CLAUDE.md Doesn't Work (Say Researchers). But Is That True?
Why academic research on context files tells a different story than daily practice with AI coding agents.

Last week I came across a paper from researchers at ETH Zürich that made me pause: "Evaluating AGENTS.md: Are Repository-Level Context Files Helpful for Coding Agents?" Their conclusion is surprising at first glance: context files like CLAUDE.md and AGENTS.md do not make coding agents better. In fact, auto-generated context files make them 3% worse on average, while increasing costs by over 20%.
As someone who works with Claude Code daily and invests significant time refining CLAUDE.md files, my first reaction was: that doesn't match my experience at all. But that reaction itself gave me pause. It's easy to blindly adopt advice from tool-makers telling you to use instruction files like CLAUDE.md. Especially when your own experience seems to confirm that advice. In a field moving as fast as ours, it's tempting to keep running and never stop to ask: does this actually work, or do I just believe it works?
This paper made me reflect. And that alone makes it valuable.
What the Researchers Found
The ETH Zürich team built a new benchmark called AGENTbench, with 138 tasks from 12 GitHub repositories. They tested coding agents in three scenarios: without a context file, with an LLM-generated context file following developer recommendations, and with a human-written context file. The results were sobering.
LLM-generated context files (think the /init command in Claude Code) produced a slight decrease in task resolution on average. Human-written context files yielded only a marginal improvement of about 4%. In both cases, costs rose significantly because the agent explored more, tested more, and reasoned more. The instructions were followed. But paradoxically, that often made tasks harder rather than easier.

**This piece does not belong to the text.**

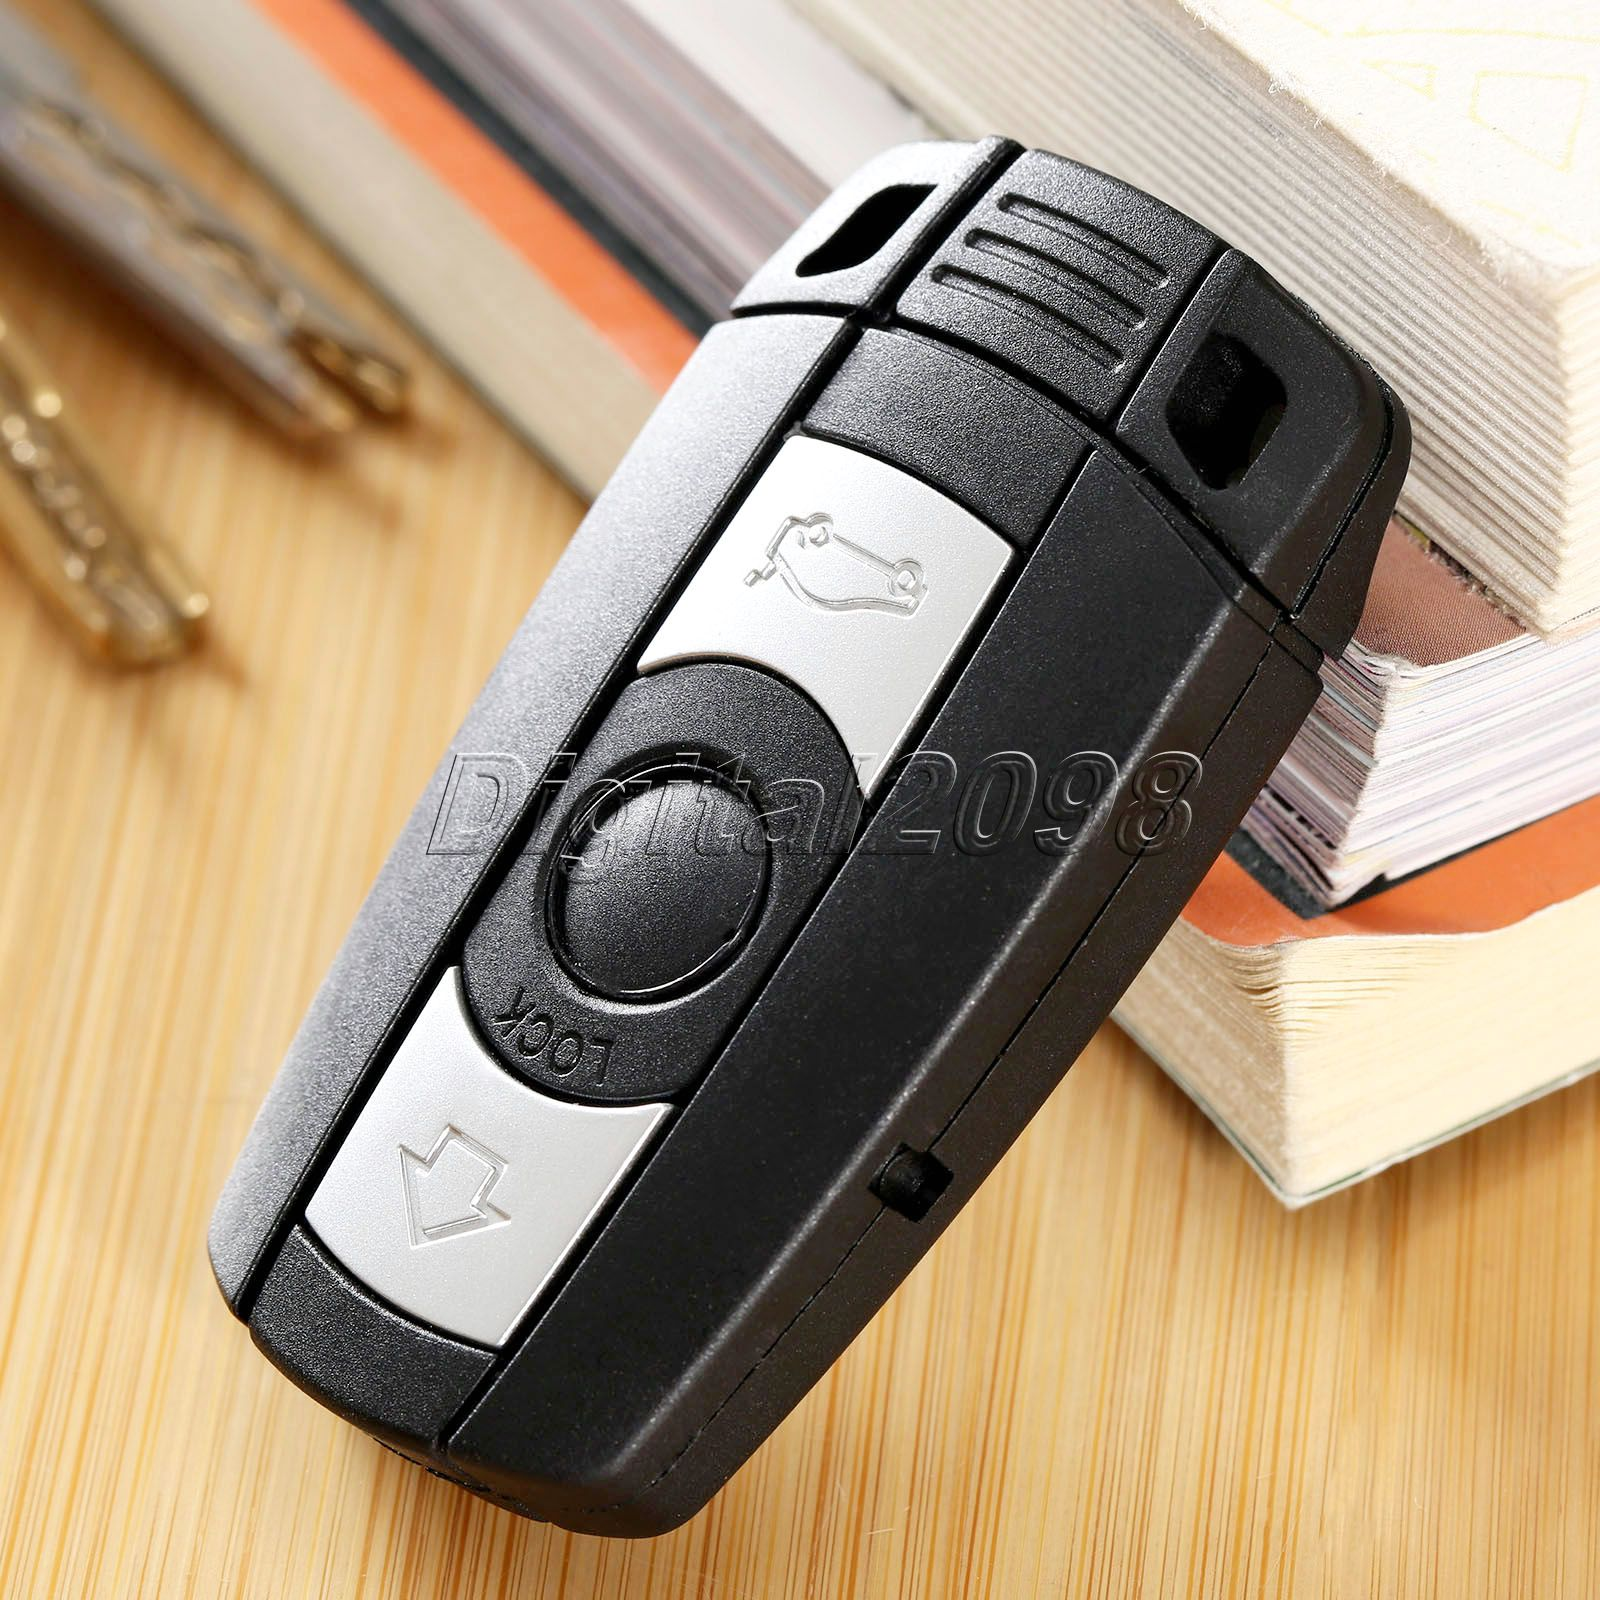 Blank Uncut Key fit for BMW 1 3 5 6 Series Remote Key Case Fob Smart Key

The researchers conclude that context files are in many cases "redundant documentation." The information they contain can often be derived by the agent from the codebase itself. And when they include unnecessary requirements, the problem only gets worse.
Why My Experience Differs
Yet I don't recognise the conclusion that CLAUDE.md is pointless. I think the difference can be explained by three factors.
The benchmark measures something different from my daily work. The researchers use isolated GitHub issues as tasks: fix a bug, add a feature, validated by unit tests. That's a well-defined, bounded problem. In practice, I use Claude Code for something entirely different: building production software where architectural decisions, code style, project conventions, and consistency across files are crucial. My CLAUDE.md doesn't contain generic information about the codebase. It contains decisions. Which patterns we use. How error handling looks. Which libraries we do and don't use. An agent cannot derive that kind of context from code alone.
My CLAUDE.md is iteratively refined, not auto-generated. One of the strongest findings from the research is that LLM-generated context files actually lower performance. That doesn't surprise me. An /init command produces a generic summary of your codebase. That is fundamentally different from a carefully curated document that, after weeks of trial and error, contains exactly the instructions that make the difference. The researchers found that even stronger models don't generate better context files. That confirms my experience: the value isn't in describing what exists. It's in prescribing what should happen.
Models are getting better, and so is their interaction with context files. The research was conducted with a specific snapshot of models. But anyone working with Claude Code daily notices that both the models and the tooling improve rapidly. Instructions that were ignored six months ago are now followed precisely. The interplay between human and model evolves continuously. So does the effectiveness of a well-maintained CLAUDE.md file. The research offers a snapshot. Practice is an ongoing process.
Where the Research Is Right
At the same time, the paper contains valuable insights I take to heart.
The finding that context files lead to more exploration and higher costs rings true. If you include too many instructions, especially vague or contradictory ones, the agent spends more time without producing better results. The researchers' recommendation to keep context files minimal and include only essential requirements is solid advice. Less is more. Every line in your CLAUDE.md must earn its place.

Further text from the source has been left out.